That is completely contradicting, I agree with the top half but the bottom is the exact opposite. Iraq was not an imminent threat.


----------



## sdeprie (May 1, 2004)

Yes, it was. Keep your head in the sand if you want to, but it was an imminent threat.


----------



## racer66 (Oct 6, 2003)

Head, he!! he's buried all the way up to his ankles.


----------



## Militant_Tiger (Feb 23, 2004)

har har, shrugging off the facts is always best when you're wrong. Keep up the good work!


----------



## racer66 (Oct 6, 2003)

We haved proved to you again, and again, but you still continue to live in the dark, what a strange and lonely place you live. The sky is falling, the sky is falling ooh no.


----------



## SniperPride (Sep 20, 2004)

Militant_Tiger said:


> har har, shrugging off the facts is always best when you're wrong. Keep up the good work!

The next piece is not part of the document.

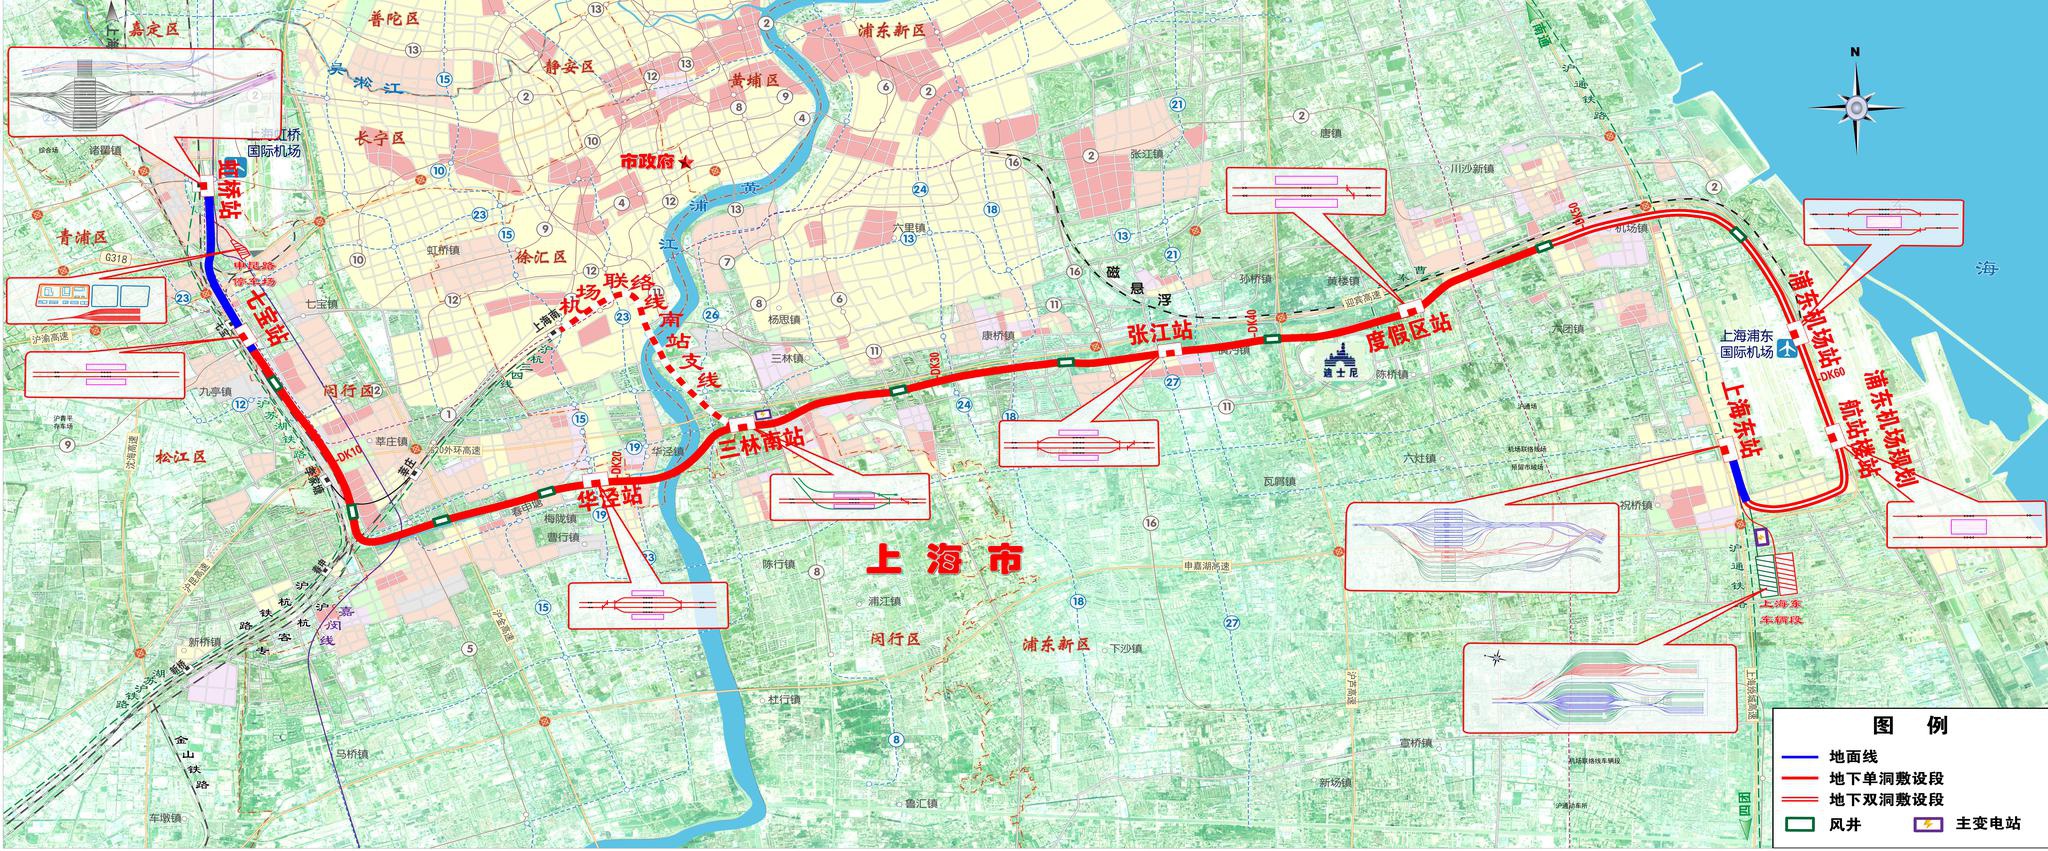 上海市域铁路机场联络线站点、走势、站区示意图来了！__凤凰网

and your saying this from experience? :roll:


----------



## Militant_Tiger (Feb 23, 2004)

Experience indeed, I've been arguing with these people for quite a while now. I know exactly how good they are at leaving facts opposing Mr Bush in the dust while putting a magnifying glass upon the democratic matters.


----------



## sevendogs (Sep 19, 2003)

sdeprie said:


> A: If you're worried about brainpower, check out the education records for our 2 main presidential candidates. Bush's was ALL over Kerry's, and Bush went farther in post graduate degrees.
> 
> B: If Mr Bush's personal "brainpower" is not high enough for you, check out the level of brainpower with which he has surrounded himself. His counselors are made up of exclusively high post graduate personnel with HIGH GPA's, some of the highest in years. Whoever is attacking him at this level, I'm sure you would not want to get into some kind of contest with him on any personal level. I'm a reasonably smart guy and I sure as heck wouldn't.
> 
> I get so tired of round about attacks on him without substance. Of course, there are very few legitimate attacks of substance available so I guess we should expect this.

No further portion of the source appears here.